Secondly, he states that disclosing vulnerabilities is akin to shouting fire when there is barely any smoke. The implication is that you should never shout fire, even if there is the possibility of fire. However, if no one shouted fire, children’s pajamas would still be made of highly flammable materials resulting in third degree burns or death instead of slow or insulating materials we have today. Only through research, standards and indeed, advocates (akin to vulnerability researchers) doing shock stories on tabloid TV did we move from obviously deadly dangerous to moderately safe. Fire is a particularly weak analogy as the metaphor breaks down very quickly – fire always occurs and is a natural phenomena.

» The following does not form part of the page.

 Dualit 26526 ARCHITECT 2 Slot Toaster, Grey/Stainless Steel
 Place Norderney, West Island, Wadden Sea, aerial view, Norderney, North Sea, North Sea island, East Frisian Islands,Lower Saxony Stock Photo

Thirdly, Ranum ignores evidence that contradicts his position. Vendors and customers are hurt by rampant full disclosure, and I agree that some folks are only out to get on CNN for a few cycles. However, responsible disclosure is the only proven way to make security sloppy companies like Oracle pay attention – eventually. It made Microsoft more secure, and I think if you look at NT 4.0 (1996) versus Vista (2006), Vista is a much larger but harder target. Oracle’s CSO (is in my view) negligent because she thinks like Ranum, and refused to protect her customers and ipso facto all of us.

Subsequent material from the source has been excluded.